Monday, October 11, 2010

eBooks and Book Clubs

This past Friday my book club met to discuss Frankenstein. I thought this meeting was a prime opportunity to test out my Nook in a book club setting, especially since Abby and I normally share a copy at our meetings, and I tend to be a book hog (and have so many pages flagged that it can be disorienting for someone who doesn't understand the system).

All I can say is that, while readers are trying to create a book club atmosphere through online sharing and conversations, they fail for me in an actual book club setting.


A few notes before I begin: 1) I used the Nook, so discerning readers might think, "These problems are specific to the Nook; a different device might not have these same issues." While that could be the case, my intuition is that the Kindle or the iPad or the Sony Reader wouldn't fare much better. I will leave that to my readers to decide. 2) When I reviewed various readers before, I mentioned that the highlighting feature on the Nook was rudimentary at best. I'm still waiting on the software update to correct the terrible design of this feature. When this happens, the experience could be improved (I know Sony's readers and the Kindle are already better at highlighting and organizing highlights than the Nook), but I'm not sure how much. 3) The "find" function could be useful in a book club setting, but I didn't have an opportunity to test this out. 4) I didn't care for Frankenstein too much, so it could be the book that caused the bad experience. Time will tell.

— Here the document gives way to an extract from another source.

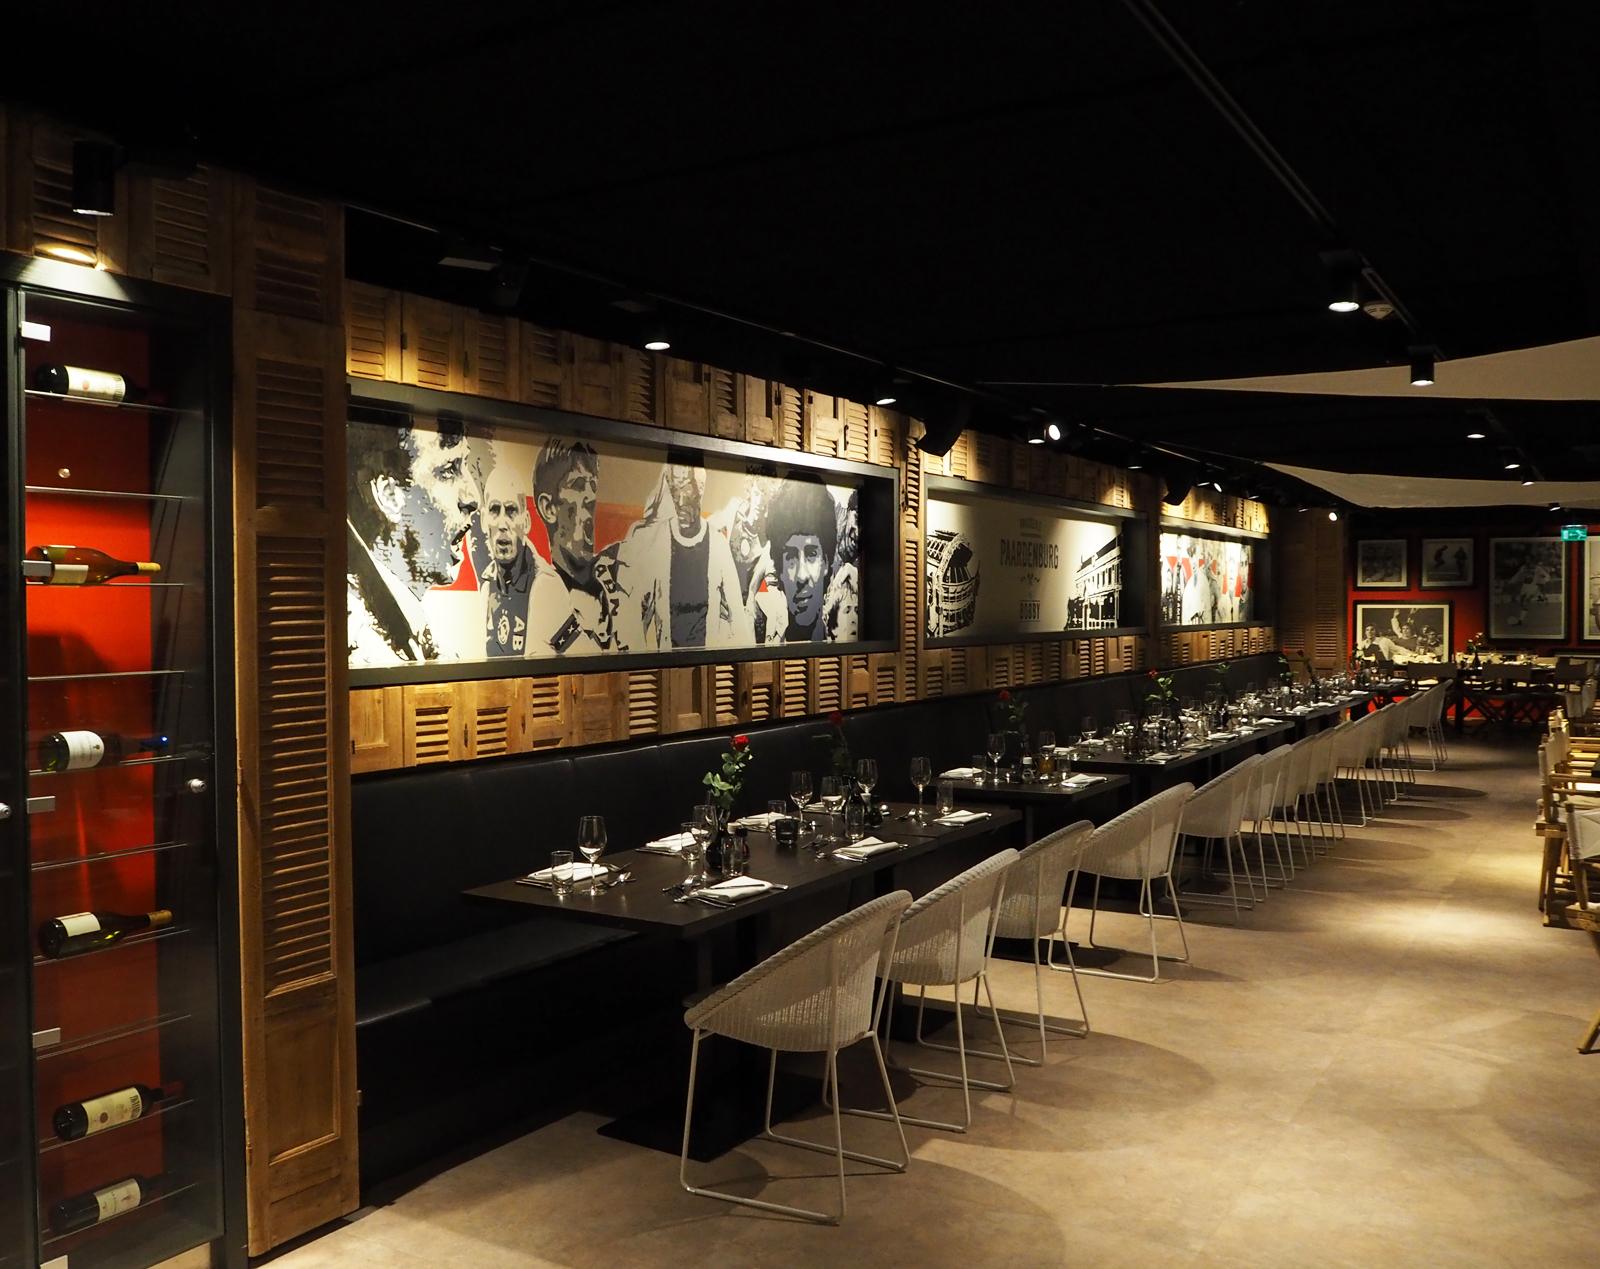 Paardenburg restaurant, Jaap Stam, Litmanen, Edwin van der Sar, Ajax Amsterdam Arena, skybox stadion, by Jeroen de Nijs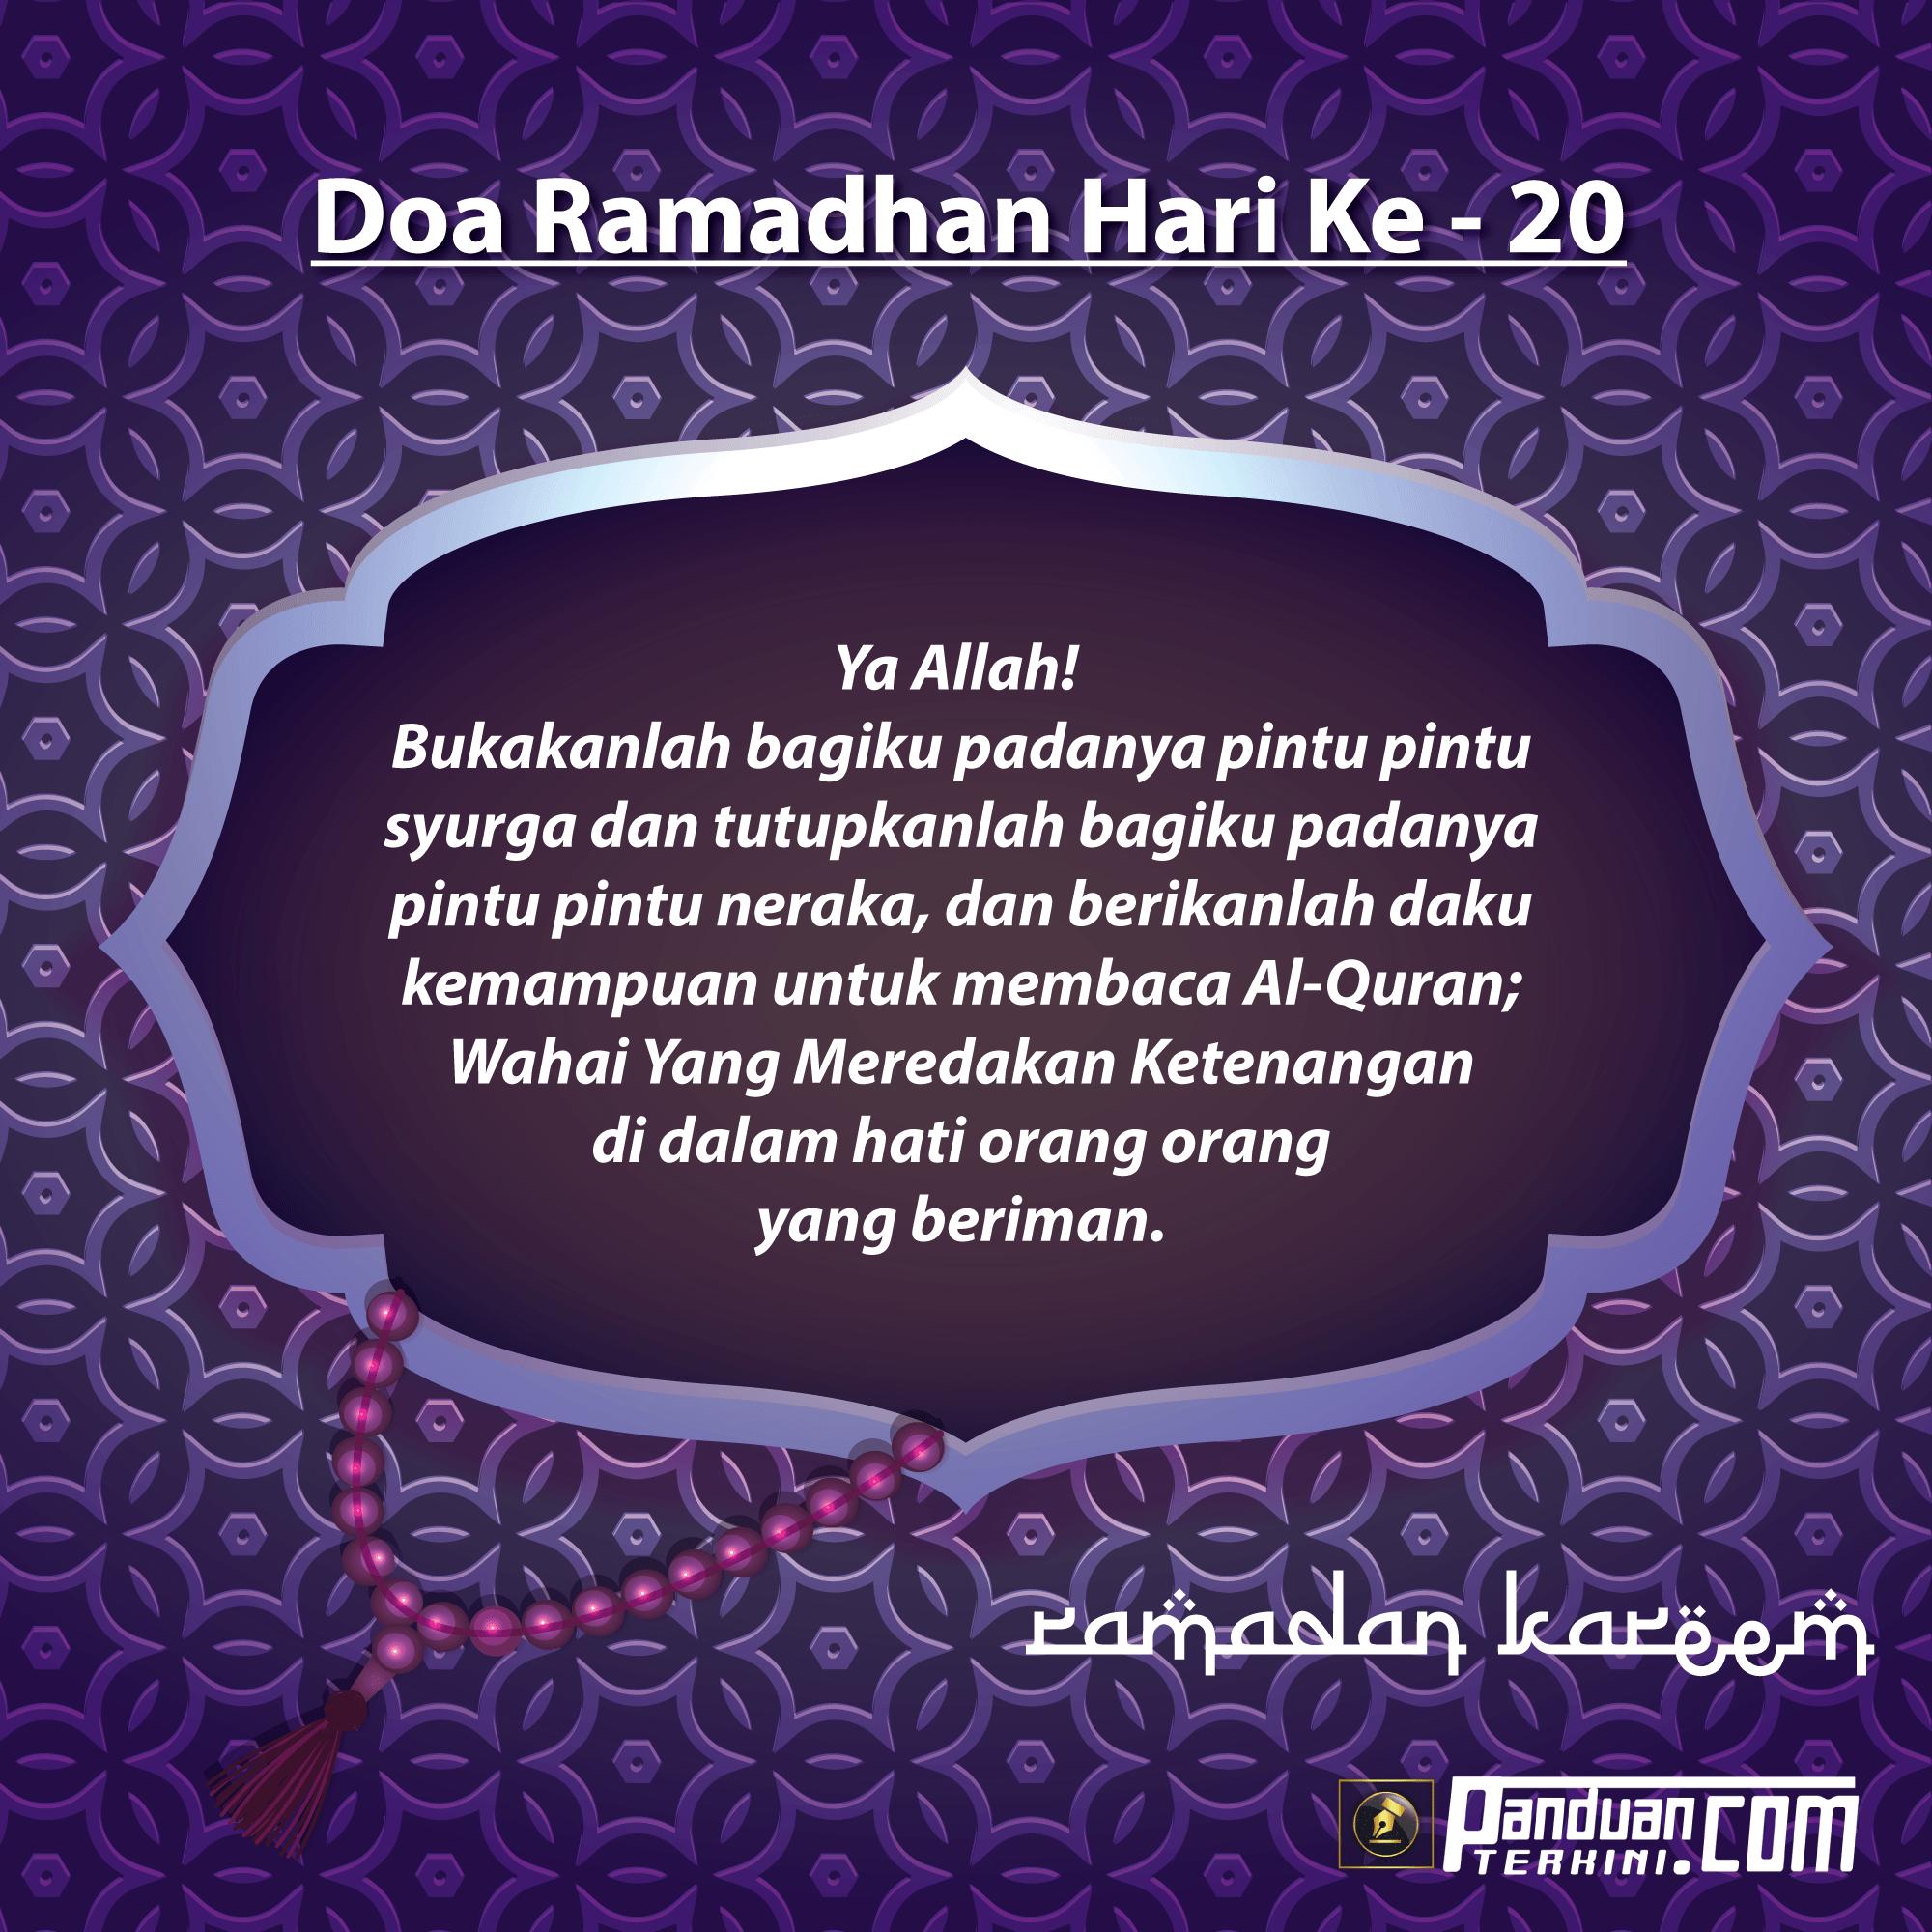 Doa Ramadhan Hari Ke-20

I brought the device to book club, but I didn't really use it--at all. Here were my main problems:
  • Reading devices are still fairly new. I was the only one to use such a device, so I felt a bit showy whenever I'd pick it up, even though I bought the cheapest (though, in my opinion, best) device available at the time.
  • When conversation dwindles, like a good introvert I flip through the pages of the book to avoid eye contact, sometimes actually looking for a passage to read, other times pretending to look for a passage to read. In either case, I often find something worthy of mentioning to the group. This serendipitous way of finding passages is much harder on a device since you have to go page by page or drag using the progress bar (in either case not as easily managed as finding your place in the flipping pages).
  • I don't have a photographic memory, but I can often remember where an important passage is located on the page and where it is located generally in the book. With a reading device, all pages look the same, and there's not a tactile way to remember where in the book you are. You can memorize the progress bar, but I don't think to do so, and I don't always remember the exact words of a quote to be able to search for it.
  • The passages I highlighted on the device were poorly organized and not searchable/indexed by my notes, which is problematic (and also fixable with a software upgrade--hopefully soon!).
  • This wasn't a problem for this book, but it could be for other books: page numbers between the printed book and the eBook do not match (unless the eBook is in PDF format, which most eBook devices have a hard time with). Abby and I were both using the B&N version of Frankenstein, but even our books didn't match up. An easy solution for this, I think, would be for developers to include tags in the text that would let users know where pages end in the printed book. (Ideally this feature could be turned on and off--am I too picky?) I had a version of Ulysses that placed the page numbers of the first edition of Ulysses in brackets; this is what I'm envisioning, I suppose.
  • Using a device felt like inserting technology where it didn't belong. I'm not a Luddite, but I feel like for all that technology might add to the book club experience, it takes away still more. We have enough interactions with one another that are faciliated through screens. Even though the reader's screen is meant to mimic paper (and the devices themselves aren't good at much besides displaying text), it seems like the device is "poaching on the sancta" of the physical book.
I'm not sure these are good reasons why a reading device didn't work for me during a book club, but they are my reasons. While I really like my eReader for most kinds of private reading (sometime I'll talk about my experiences reading fiction vs. nonfiction), I think it will be a while--and a software update--before I attempt to bring mine to book club again.